Input -
#####

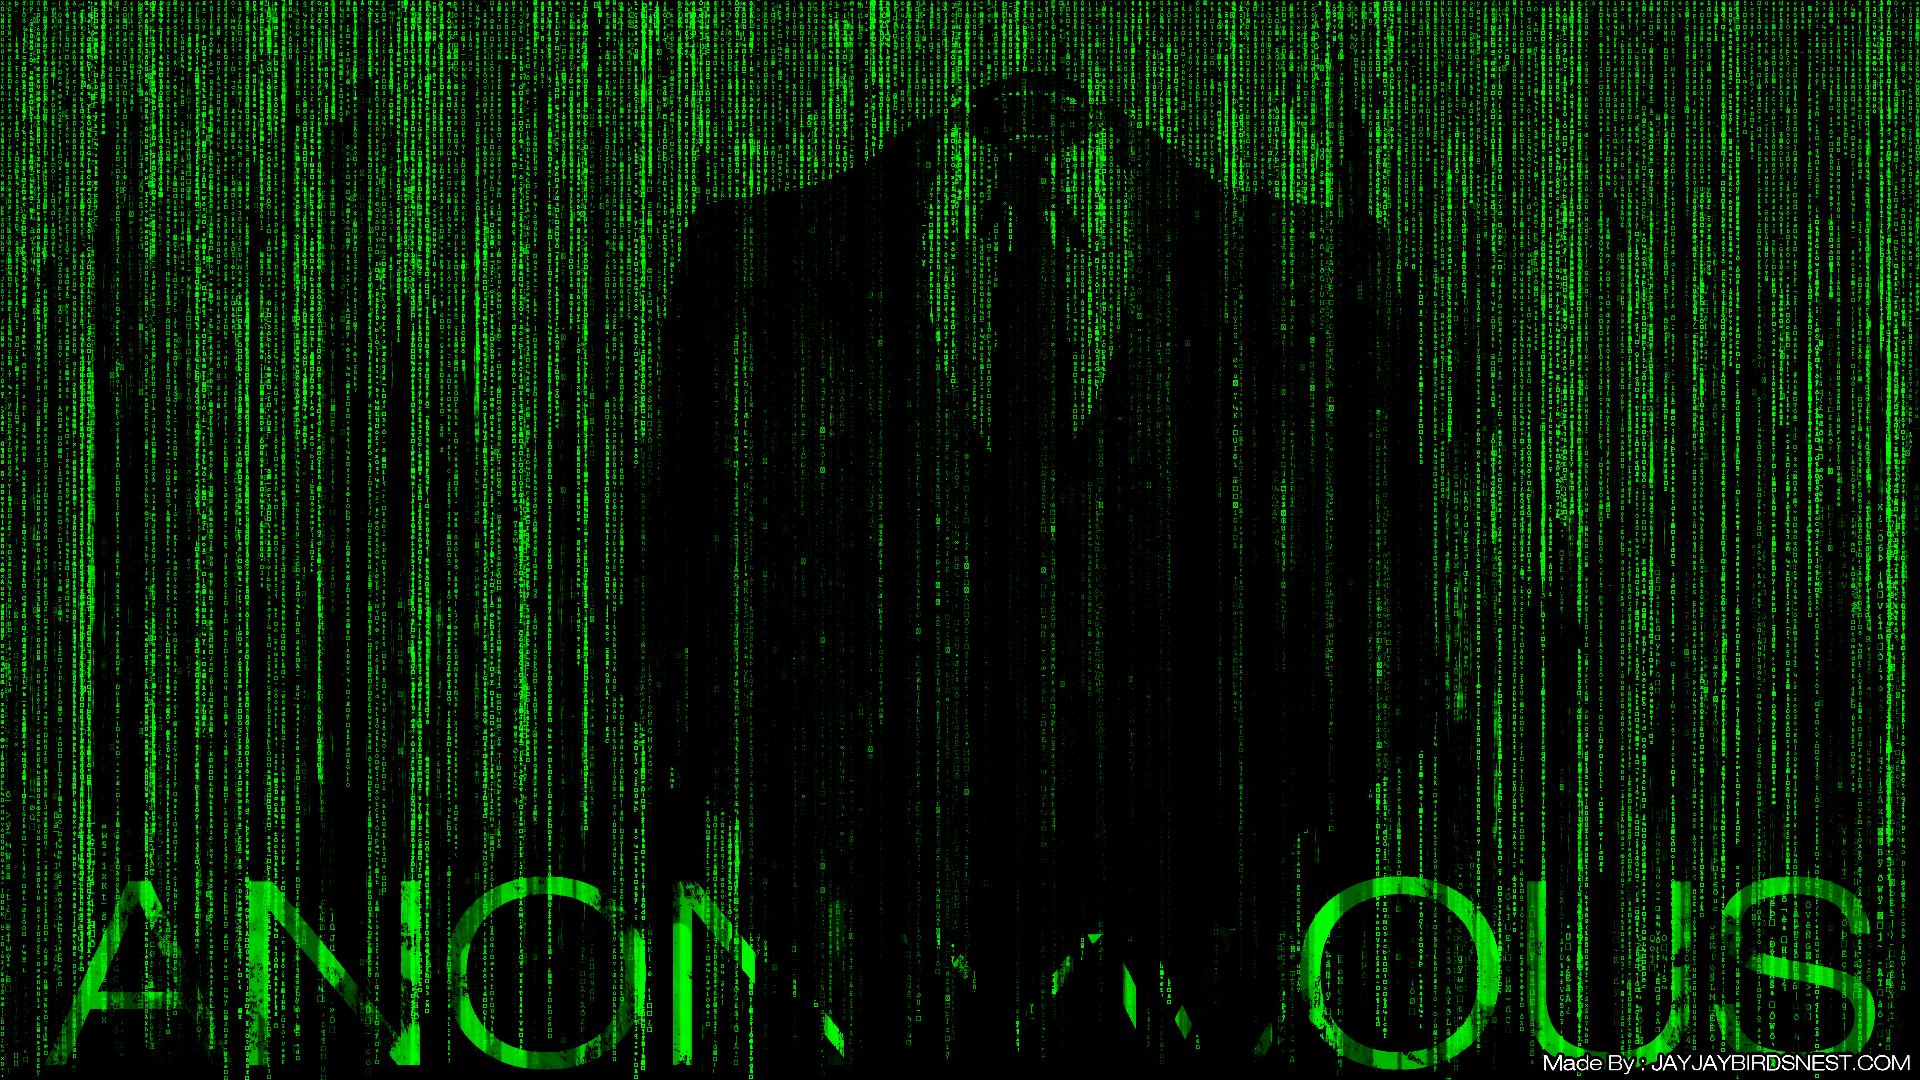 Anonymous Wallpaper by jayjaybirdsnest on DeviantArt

#####

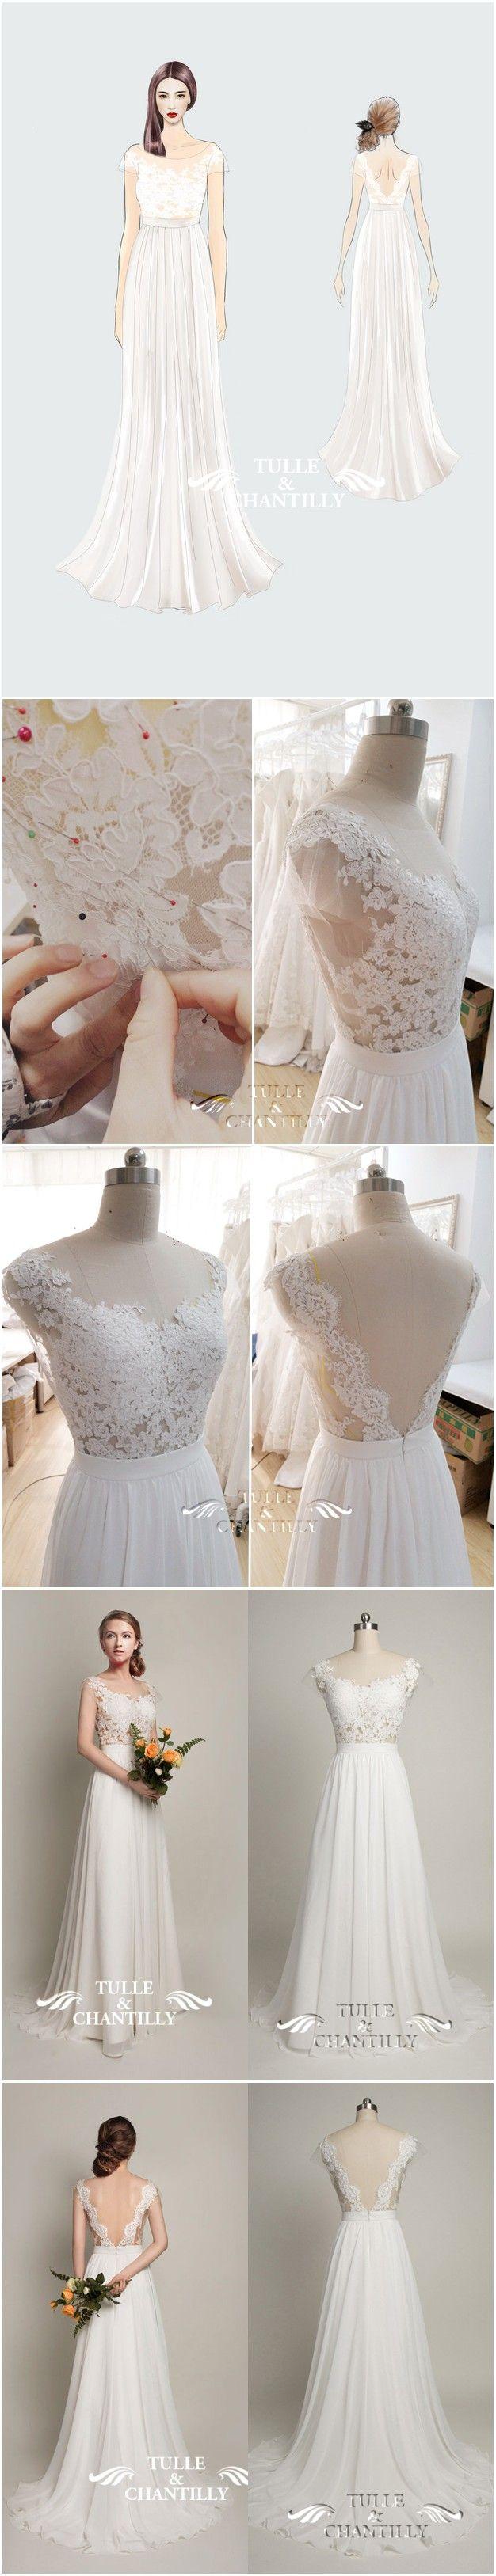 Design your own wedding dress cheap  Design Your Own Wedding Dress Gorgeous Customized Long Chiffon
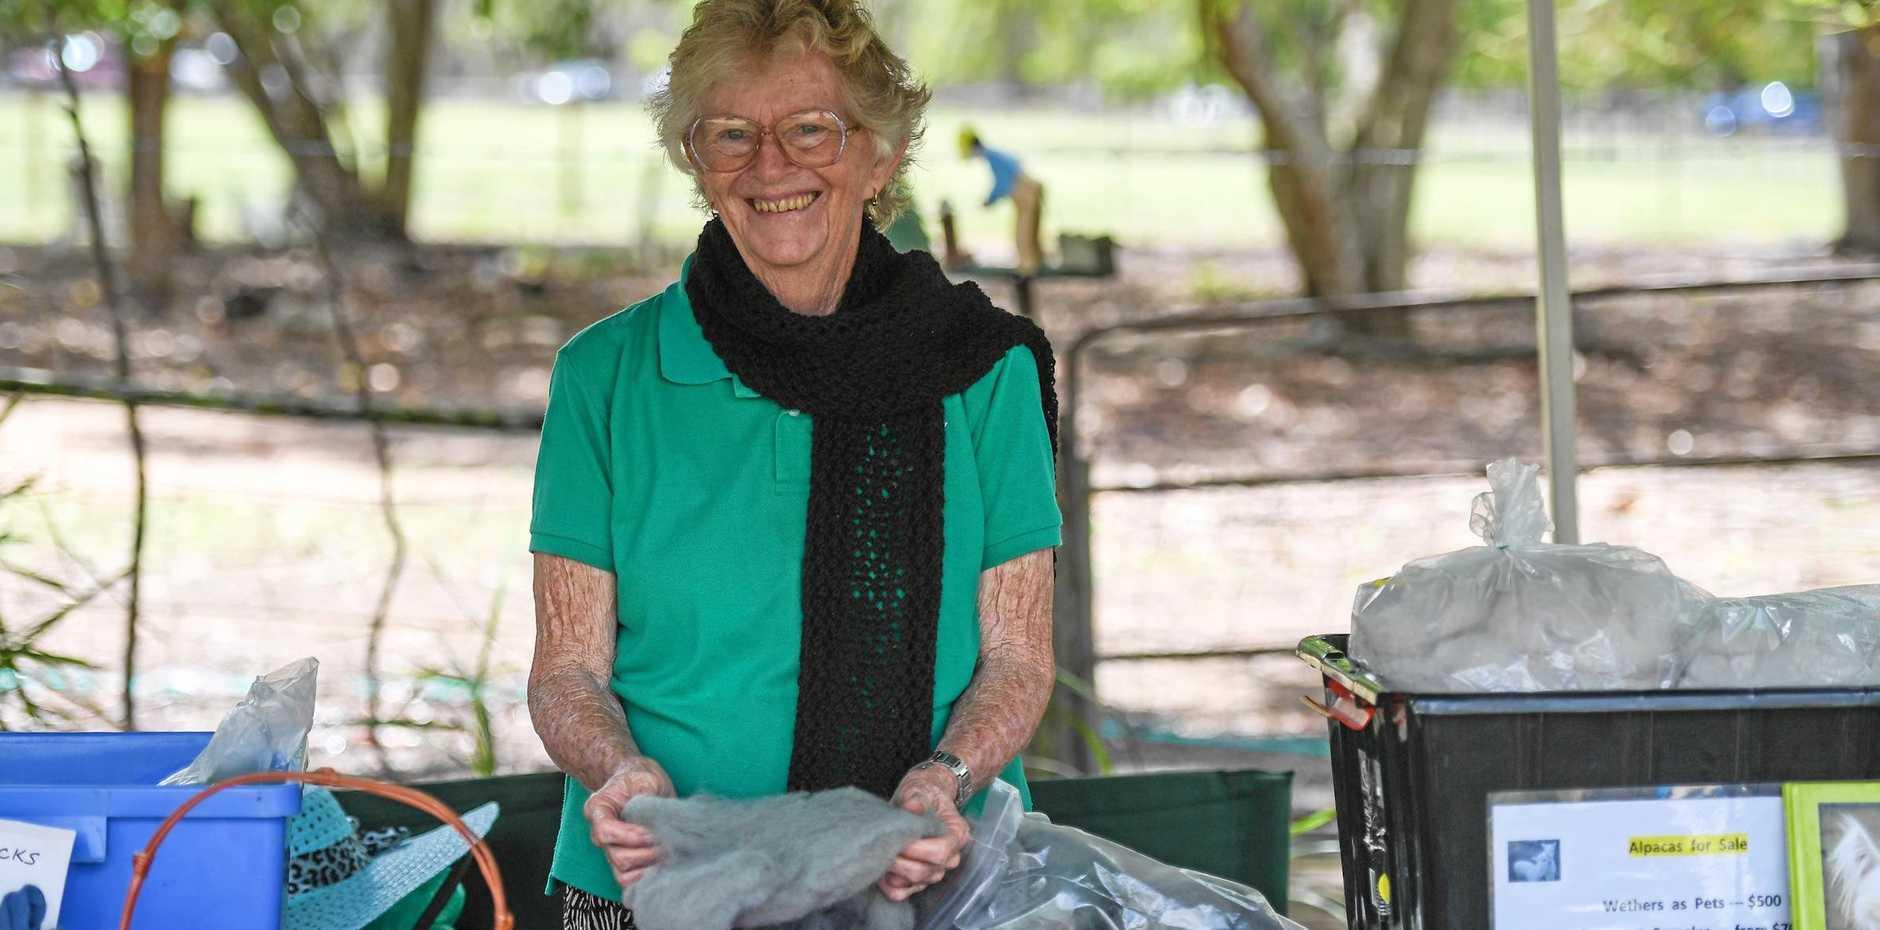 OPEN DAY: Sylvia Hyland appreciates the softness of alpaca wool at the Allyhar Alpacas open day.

#####

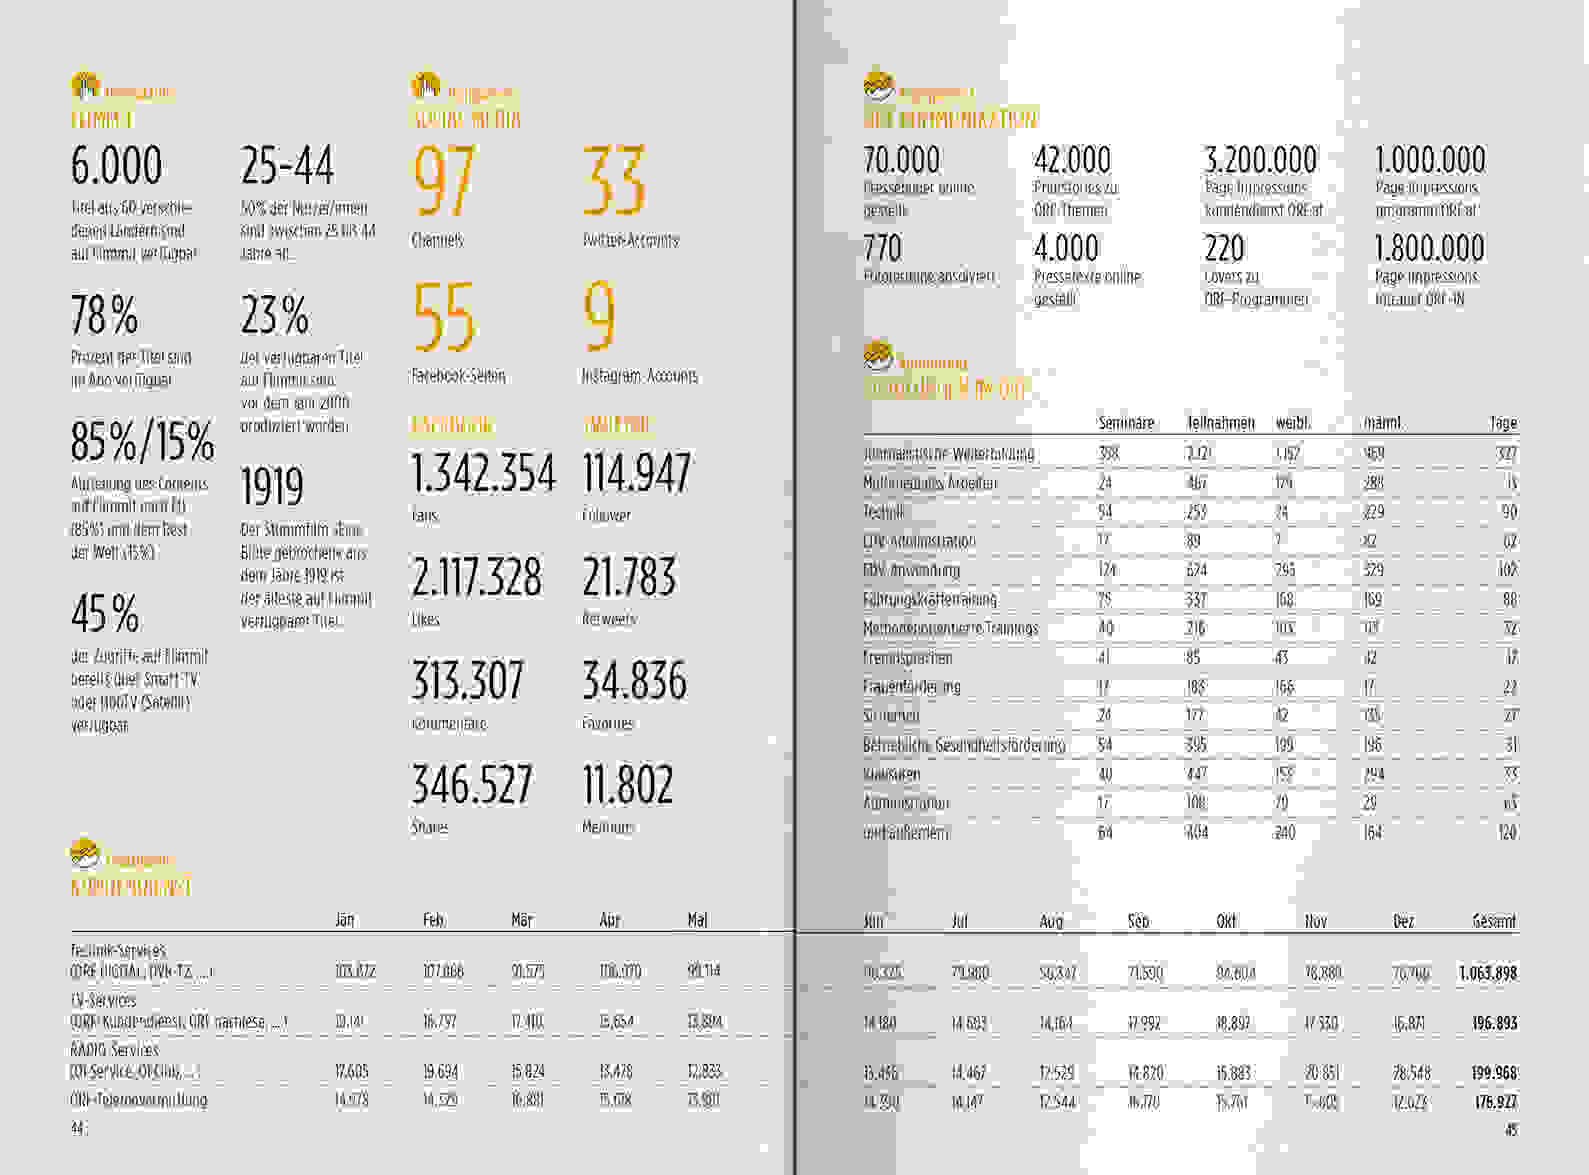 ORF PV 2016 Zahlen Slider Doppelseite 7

#####

Aim of the task -
Give exactly the lines above that run from the line with "Design your own wedding dress cheap" to the line with "OPEN DAY: Sylvia", both included, leaving every picture out.

Solved problem -
 Design your own wedding dress cheap  Design Your Own Wedding Dress Gorgeous Customized Long Chiffon
 OPEN DAY: Sylvia Hyland appreciates the softness of alpaca wool at the Allyhar Alpacas open day.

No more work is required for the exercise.